Emerald Fennell’s Wuthering Heights (2026) is lush, erotic, and exhausting, an intoxicating but overlong take on obsession and class.
Director: Emerald Fennell
Genre: Period Drama, Romance, Drama
Run Time: 136′
Rated: R
Release Date: February 13, 2026
Where to Watch: In theaters
Emerald Fennell has never been particularly interested in restraint, and her adaptation of Wuthering Heights makes that clear within its opening minutes. The film begins with a startling, almost perverse image: sounds that initially suggest sexual pleasure slowly reveal themselves to be the labored breaths of a public hanging.
It’s a blunt thesis statement, immediately binding desire and suffering together, insisting that in this version of Wuthering Heights, love is inseparable from cruelty, and pleasure cannot exist without pain. It’s excessive and very provocative, which also neatly describes the film that follows.

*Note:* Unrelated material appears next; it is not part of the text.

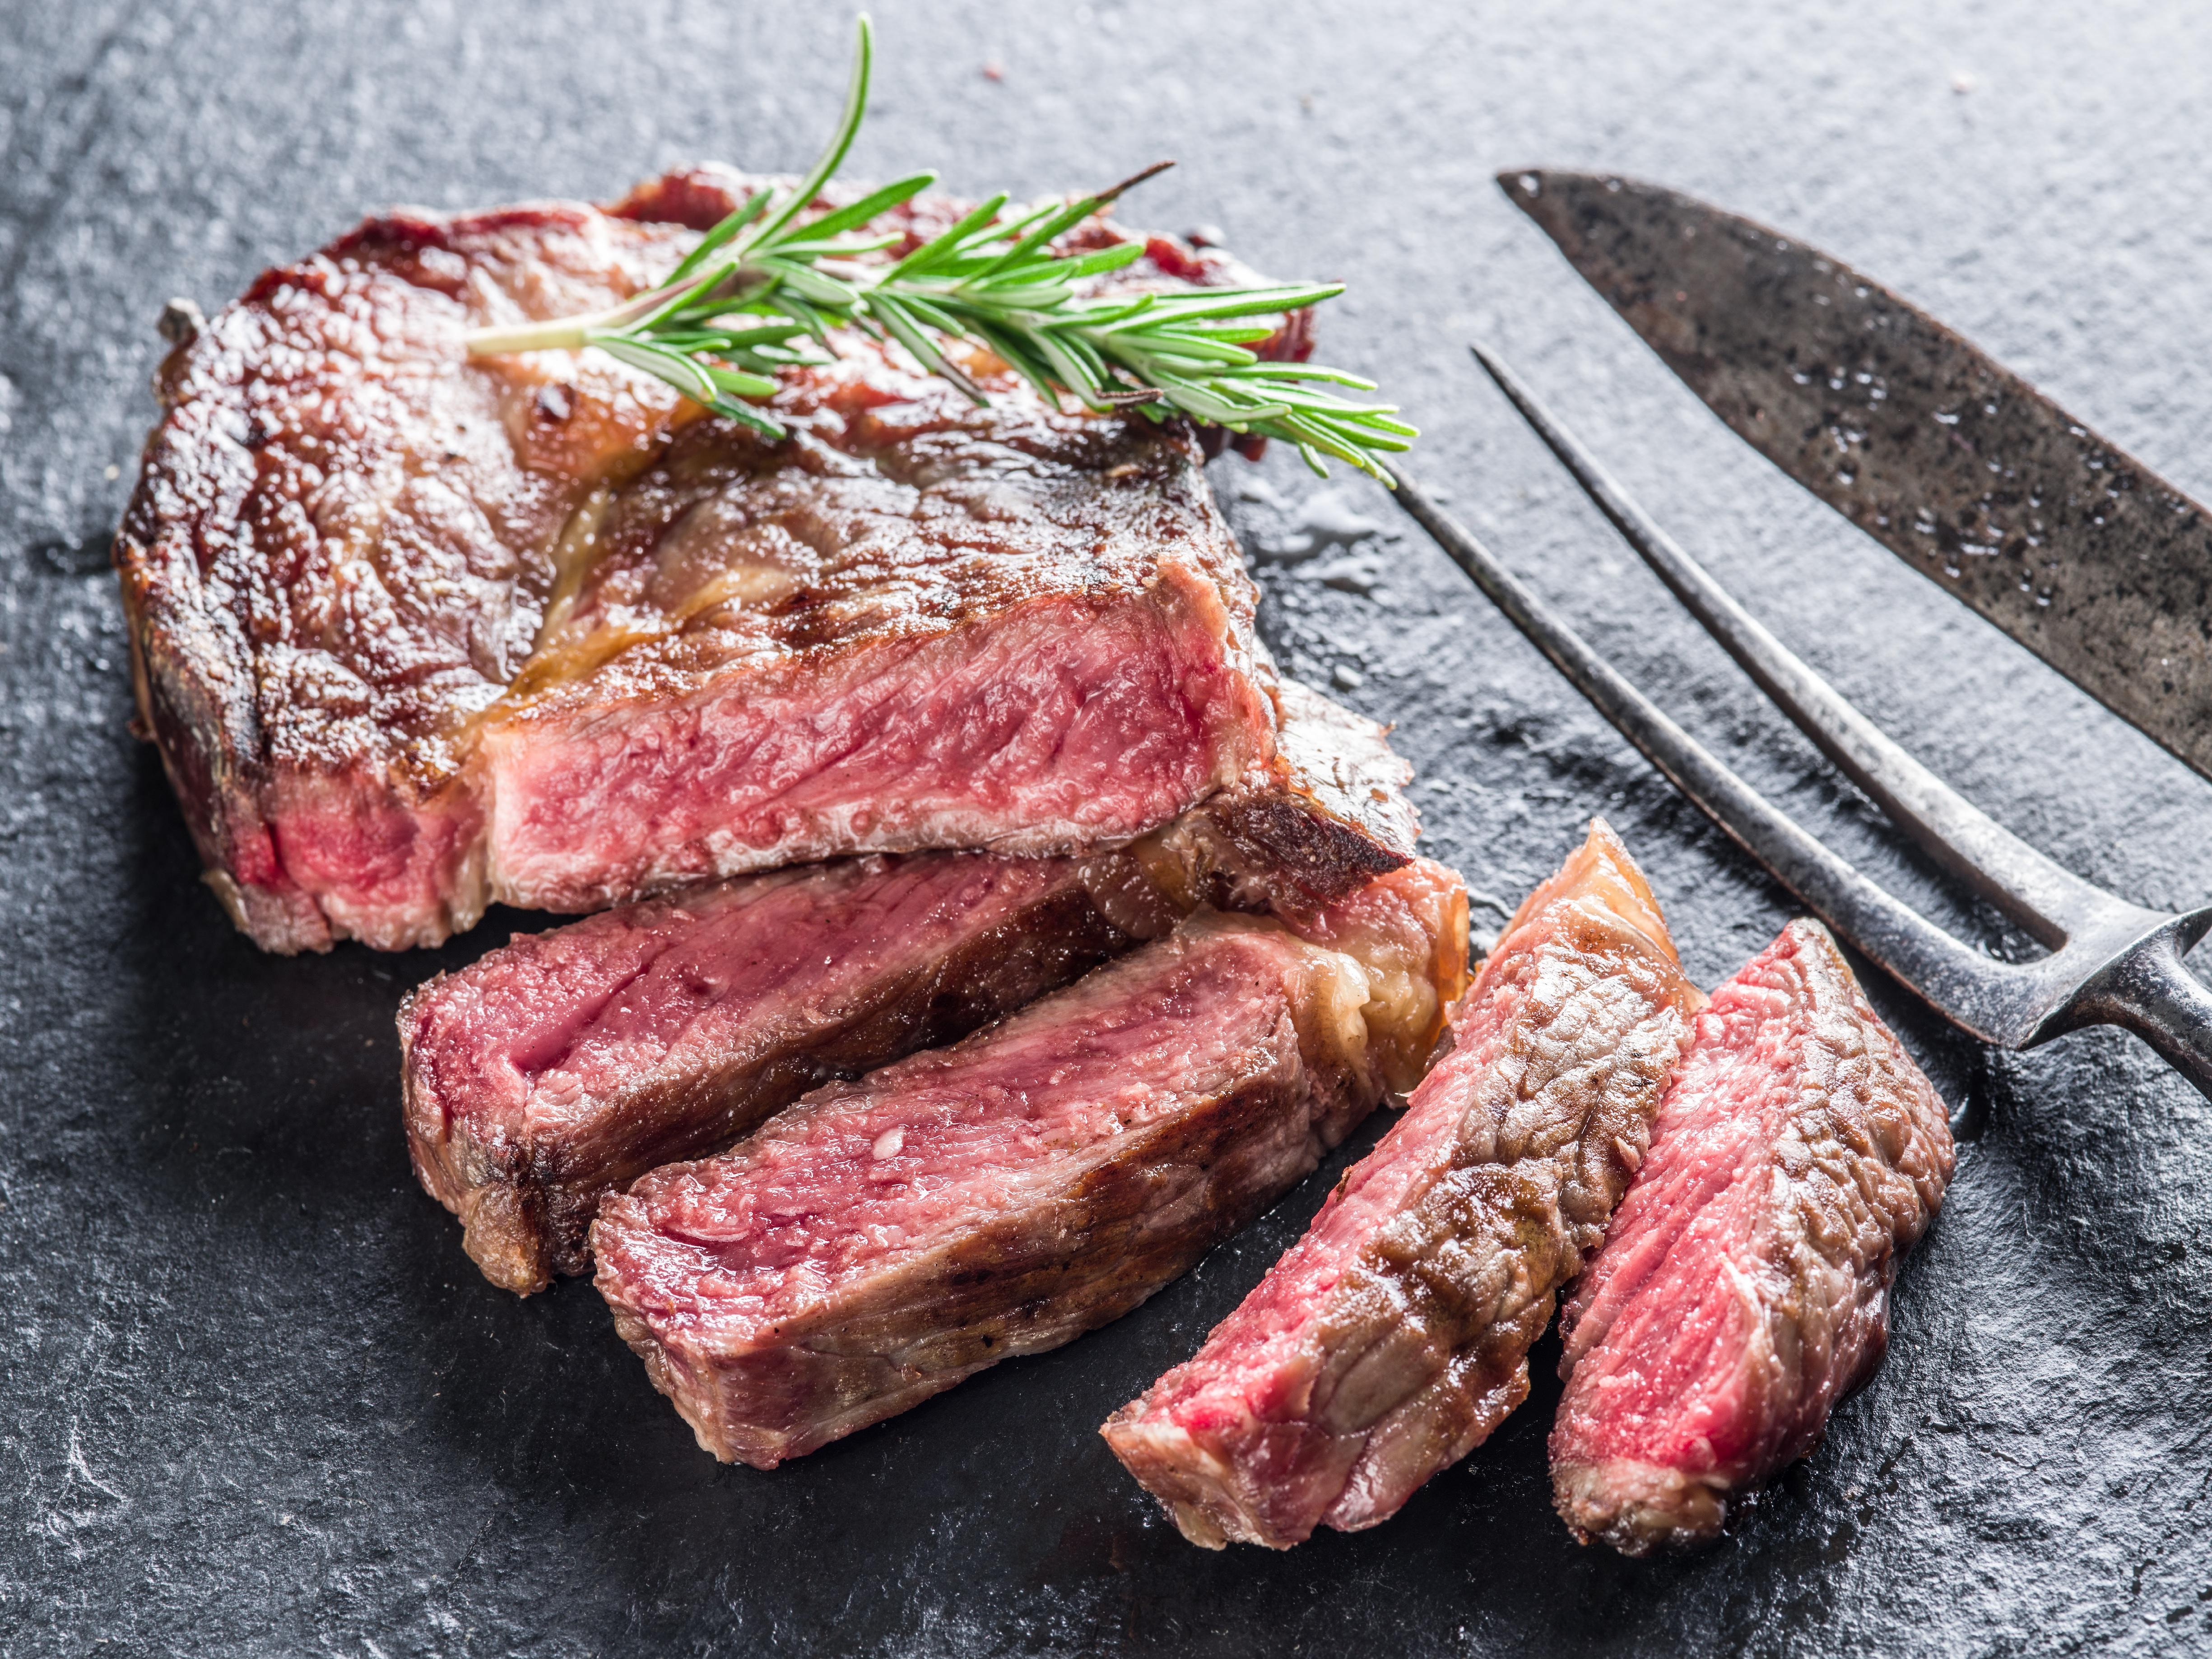 Weber Holzkohlegrill Steak : Flank steak grillen grillrezepte chefgrill

Loosely based on Emily Brontë’s novel, Fennell’s Wuthering Heights has little interest in being faithful beyond broad narrative strokes. This is not a reverent literary adaptation; instead, it’s a heightened, erotic, emotionally overheated reimagining that treats the story as a fever dream about obsession, class resentment, and self-destruction. Whether that approach feels invigorating or exhausting will likely determine how audiences respond to it.
The film traces the familiar arc of Cathy Earnshaw (Margot Robbie, of Barbie) and Heathcliff (Jacob Elordi, of Frankenstein), beginning with their childhood at Wuthering Heights. As children, they cling to each other out of necessity. Heathcliff, poor and abused, endures violence simply to remain close to Cathy, and she becomes both his refuge and his reason for surviving. Fennell emphasizes how their bond forms not out of innocence, but out of shared isolation and cruelty inflicted from the outside. Even early on, there’s something unhealthy about how tightly they hold on to each other, as if the world has taught them that love must be possessed before it’s taken away.

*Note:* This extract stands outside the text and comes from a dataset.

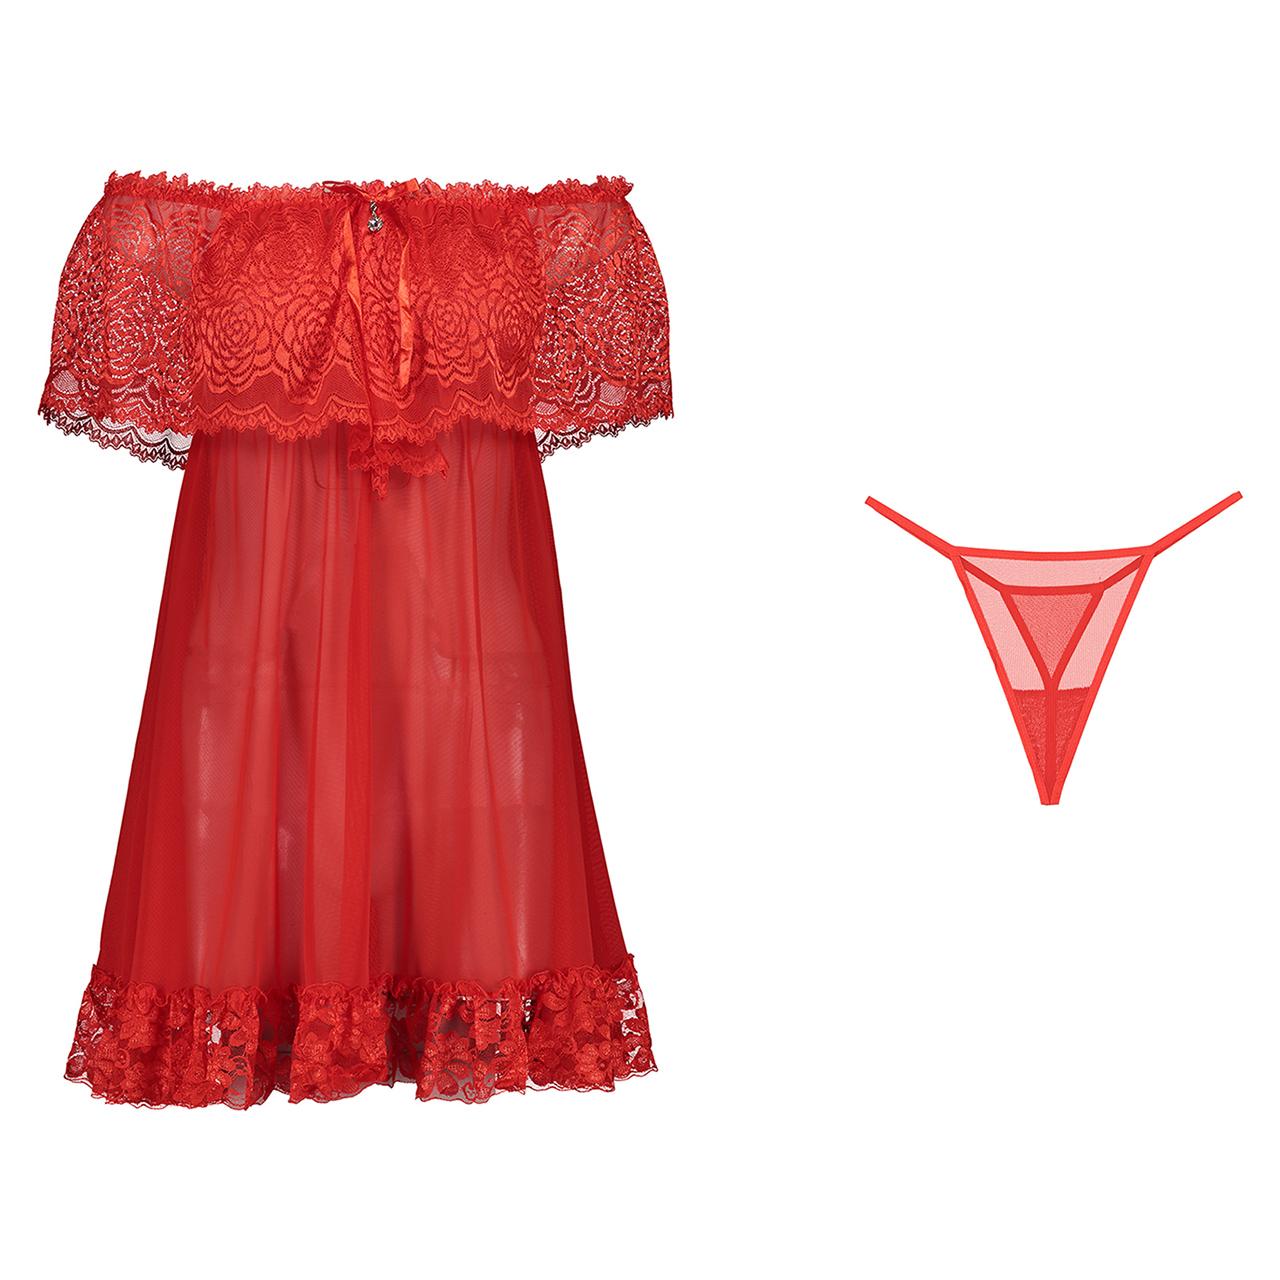 لباس خواب زنانه مدل 1238 R

As they grow older, that childhood intimacy curdles into something darker. Margot Robbie’s Cathy becomes increasingly aware of class, comfort, and the limits imposed on her as a woman. Loving Heathcliff may feel natural, even inevitable, but it would also mean choosing poverty, instability, and social exile. Robbie plays Cathy as this mix of radiant and reckless, but never naïve. Her eventual decision to marry Edgar Linton (Shazad Latif), a man who offers wealth and security rather than passion, isn’t framed as betrayal so much as brutal pragmatism. It’s a choice that keeps her physically safe while emotionally hollowing her out.
Jacob Elordi’s Heathcliff is the film’s center of gravity. Fennell’s casting choice alone signals how little she cares about tradition even if it may bring along some expected controversy, but Elordi makes it work through sheer presence. His Heathcliff is this wounded man who is obsessive and simmering with resentment, a man whose entire identity has been shaped by rejection and humiliation. When Heathcliff disappears and later returns wealthier and more dangerous, the film treats his transformation l as corrosion. He hasn’t healed; he’s sharpened himself into a weapon.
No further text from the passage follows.